At some level we all understand the idea. The more components you have in a system the more likely it is one or more of them will fail either because of a defect or an administrative error. The trouble is we don't act on our intuitions. Carel-Jan showed the Oracle MAA (Maximum Availability Architecture), which looks like this in the marketing pictures:

MAA is the recommended way to create a highly available system using RAC and Data Guard. And suddenly it hits you--there are a lot of moving parts. In seeking redundancy, the authors of the design have created tremendous complexity and hence opportunities for failures. It's an example of what Jeremiah Wilton once allegedly described as "design for maximum failability." I don't know if Jeremiah really said that but it describes the problem pretty well.

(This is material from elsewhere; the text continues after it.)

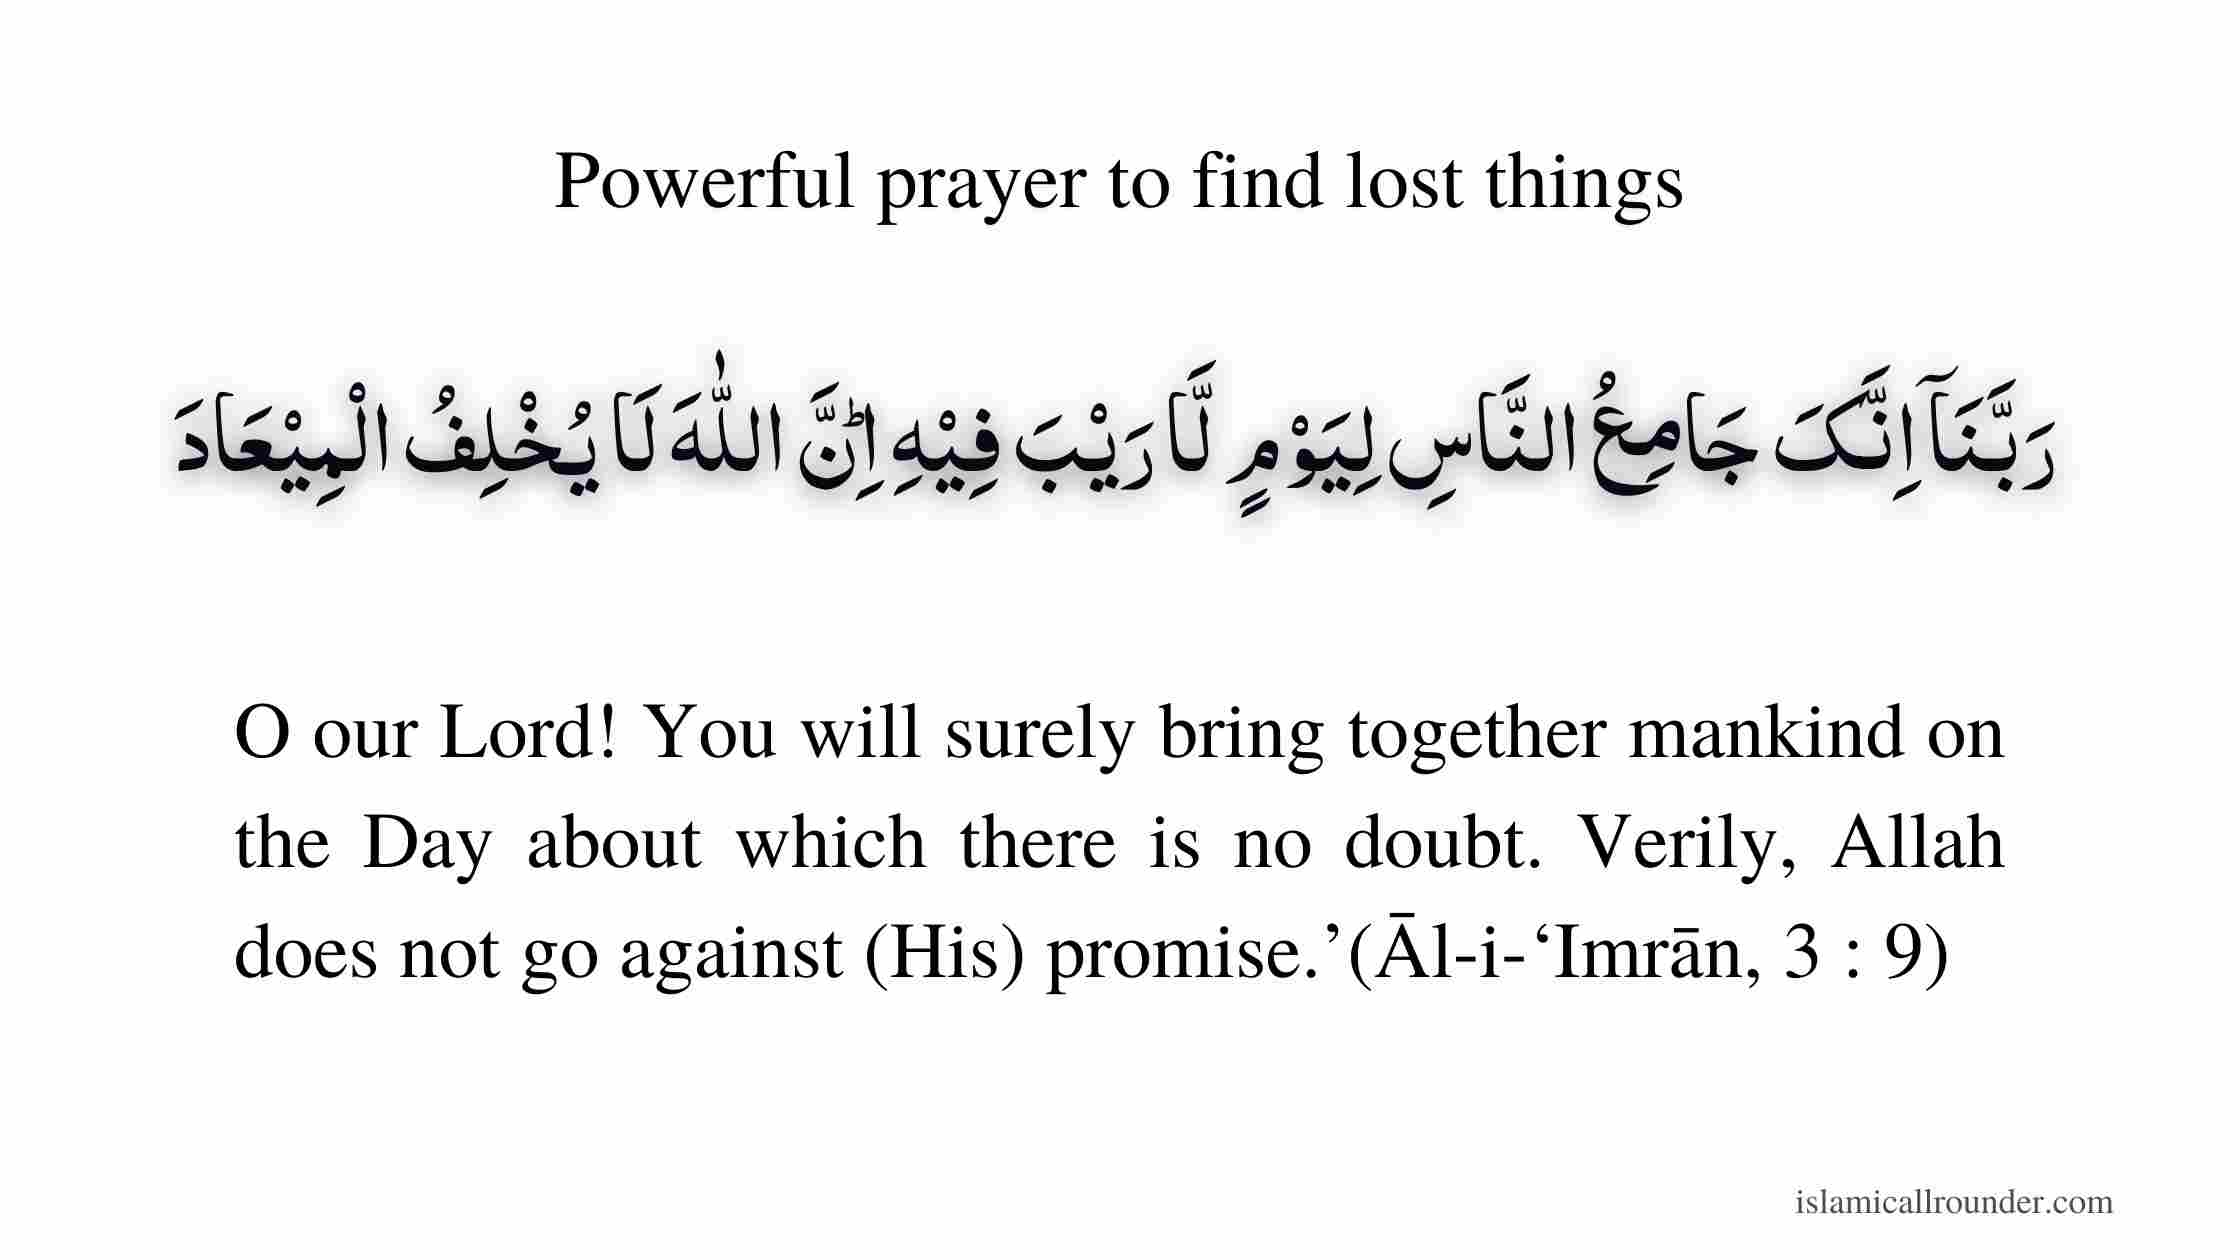 Powerful prayer to find lost things

And this was Carel-Jan's point. Availability is not something you just purchase and roll in the door on wheels. You get it by engineering very simple systems that have few points of failure. In the Oracle world it often means buying Oracle SE instead of RAC. And running it on standard hardware linked together with replication. Plus, of course, changing your applications so they work within the limitations of the rest of the system. Want to stay available without losing data? Keep the rate of updates low. Performance overload? Partition data into separate systems. You get the idea.

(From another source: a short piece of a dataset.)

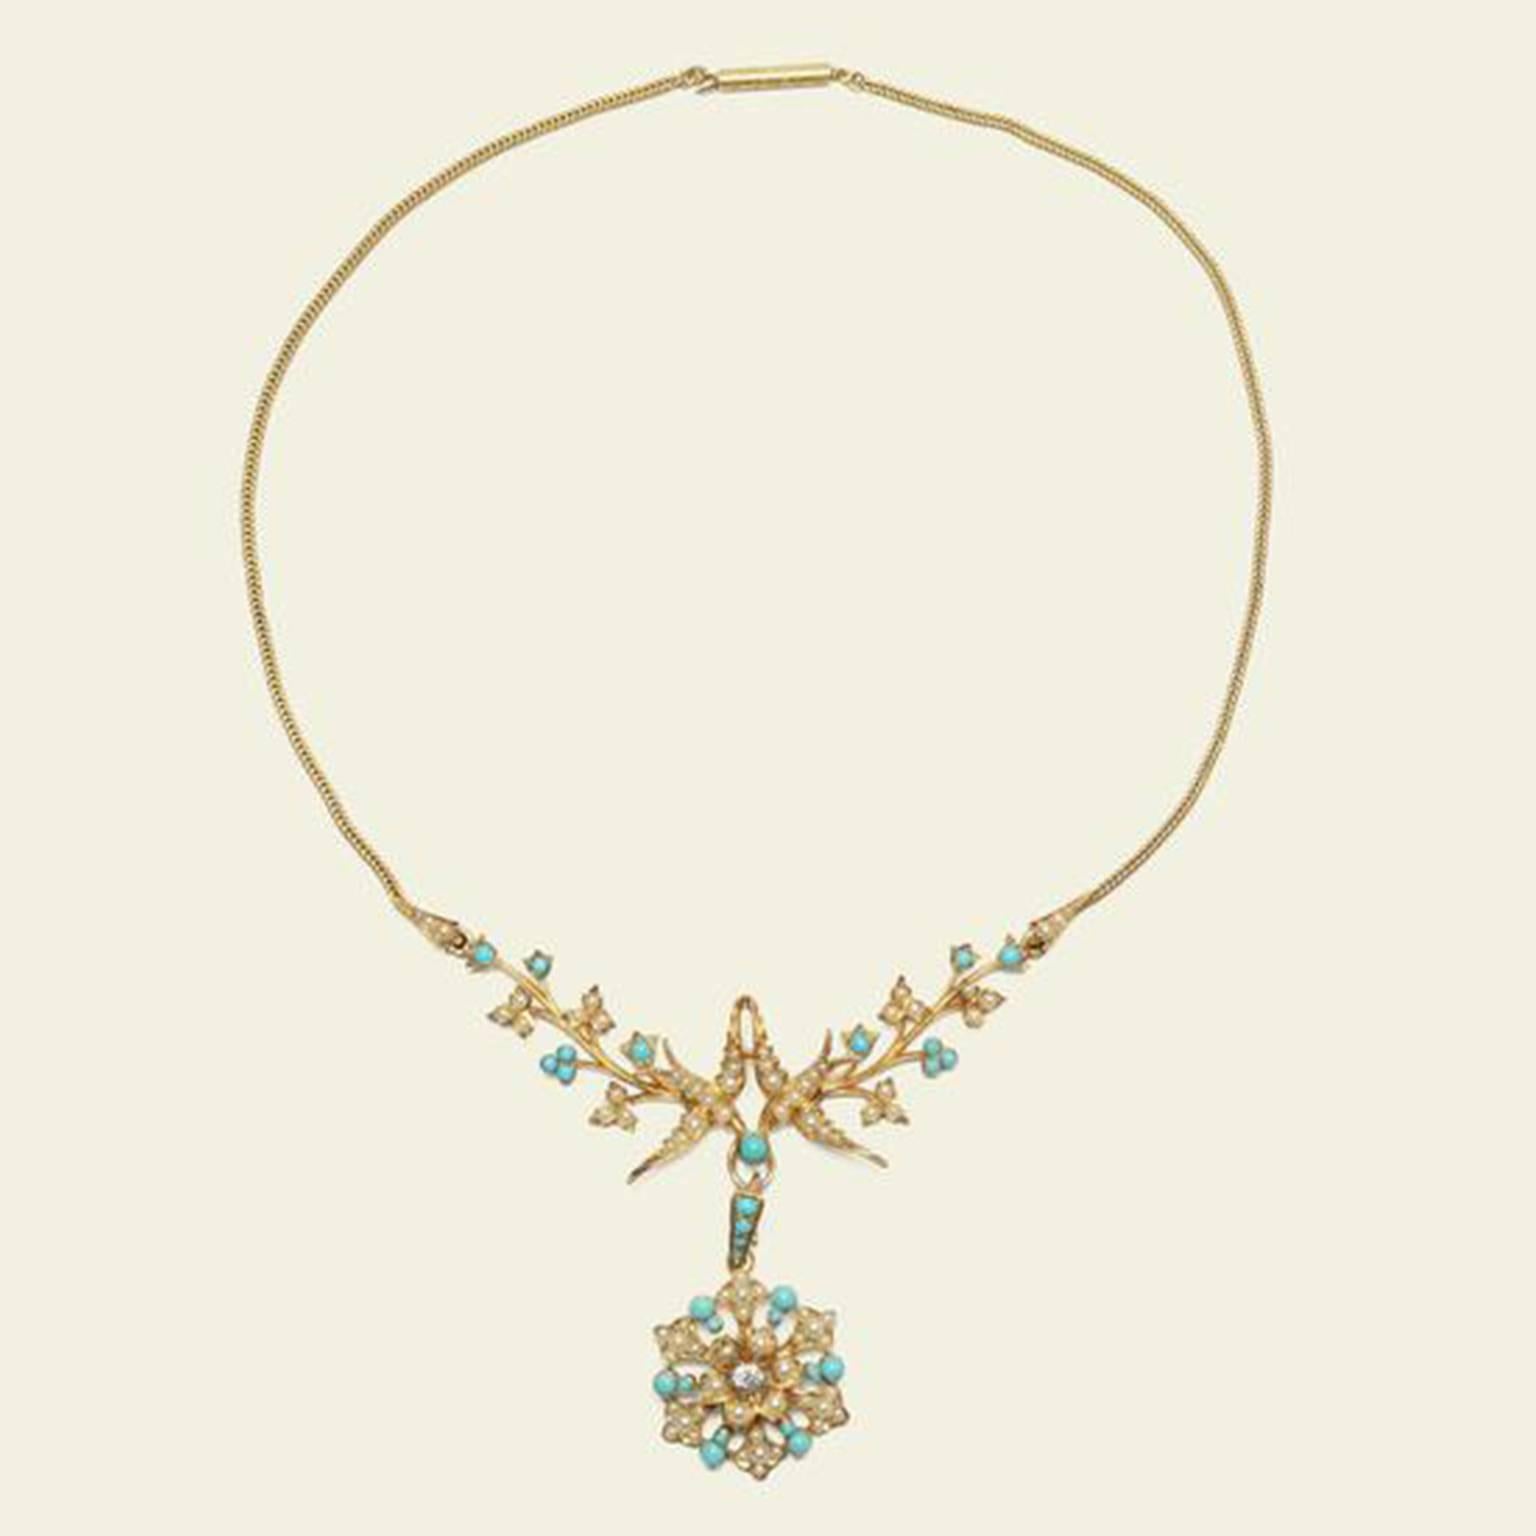 This spectacular Victorian necklace is fashioned in 15k yellow gold and studded with turquoise and seed pearls. Two lovebirds extending from foliate gold branches meet at the center of the necklace, from their joined beaks hangs an exquisite

In short, keep it really simple, like this:


This is simple availability. It's very beautiful. Open source database communities have understood this idea for a long time. My goal is to write software make it work better for them and for Oracle users as well.

8 comments:

Regina Obe said...

Good point. Coming from a mechanical engineering education I understand this too well. The main thing I learned from system dynamics classes was decouple and define the minimum moving parts that achieves your goal.

When I look at some enterprise system architectures all I can think - software architects seem to be in love with complexity. They should take some real engineering courses :)

Mike S said...

Funny thing is that your diagram looks more like a marketing diagram because it abstracts what the MAA details.

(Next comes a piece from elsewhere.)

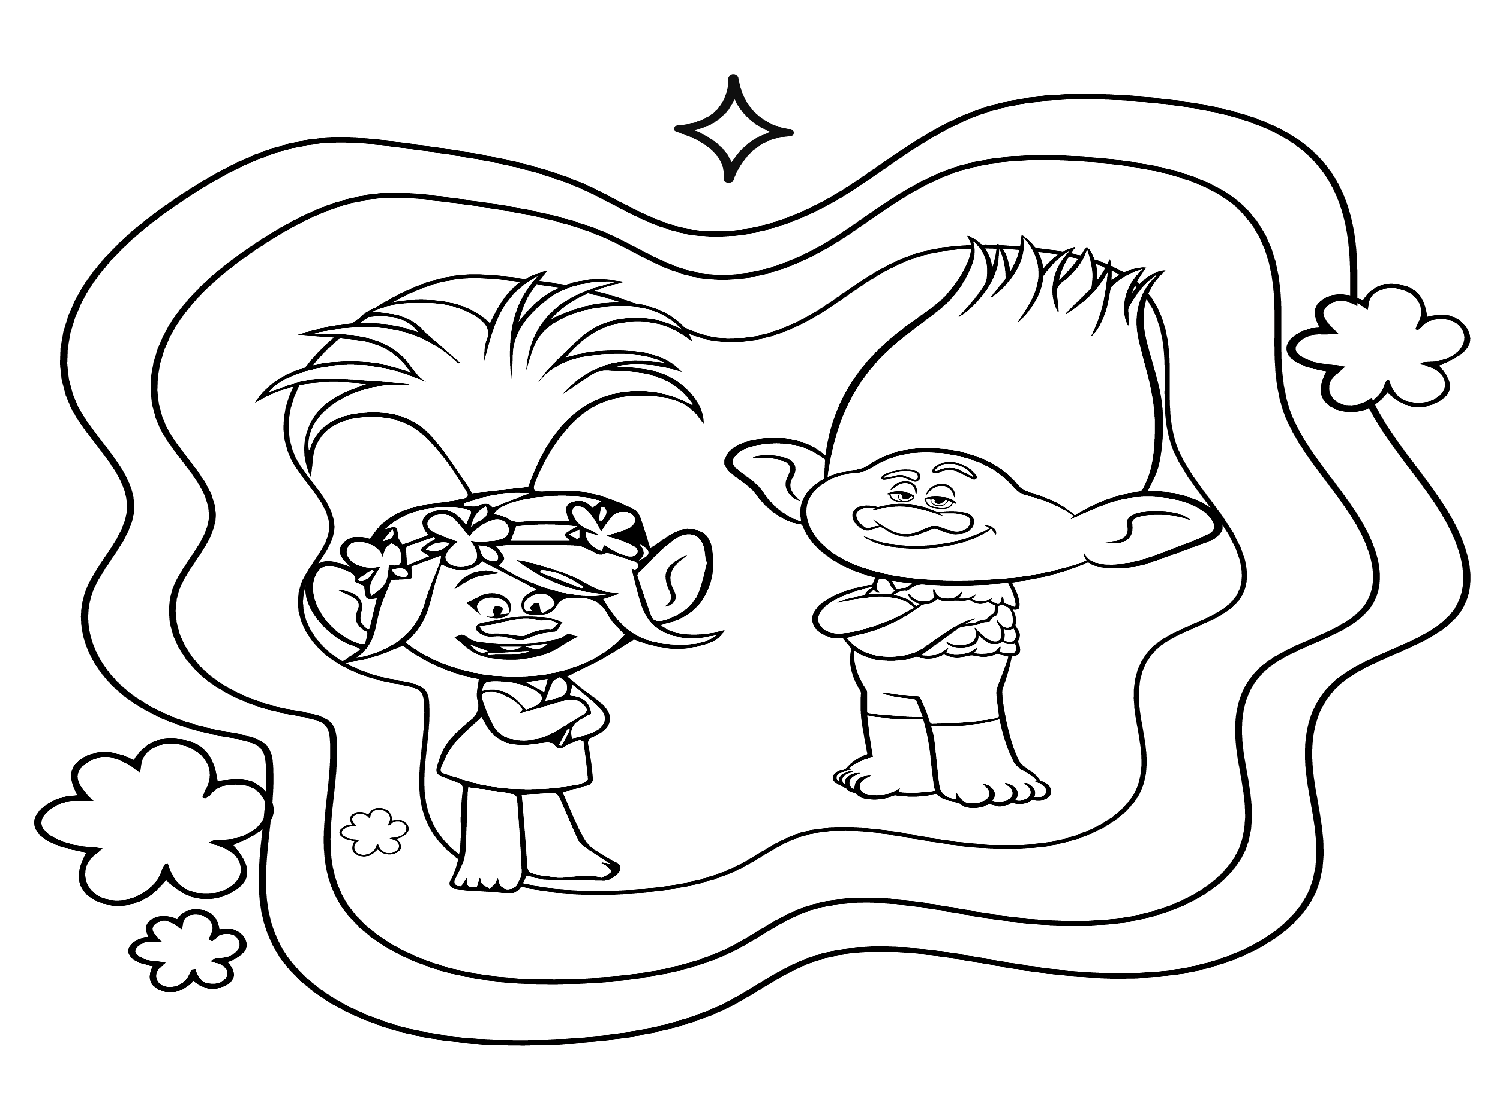 Trolls World Tour free Coloring Page

Also, comparing your architecture to MAA is silly... MAA will have totally seamless, almost instant failover on server node/hardware failure with RAC. Dataguard replication takes care of failure of the other components.

If you have low requirements (i.e. not "maximum") for RTO and RPO, your solution works fine. The whole POINT of MAA is to provide the best RTO/RPO.

Robert Hodges said...

@Mike S
The master/slave diagram accurately shows all moving parts and is in fact vastly simpler than RAC + Data Guard. Also, not all RAC failovers are instantaneous. In the event a node drops off the network (e.g., due a hard crash), RAC may not fail over until network timeouts expire. Timeouts are the only way to prove failure in this case--this is a basic property of distributed systems. Until this happens part or all of the cluster may hang, depending which resources the failed node was locking.

More importantly, it's not what happens when there's an expected failure. The question is what happens when the extra components that compose RAC and Data Guard themselves fail or are improperly configured. When you start to count these types of problems and also factor in downtime to deploy the system to begin with the availability numbers look quite different.

1 木匠 said...
This comment has been removed by the author.
1 木匠 said...

You create another layer of complexity: Replication.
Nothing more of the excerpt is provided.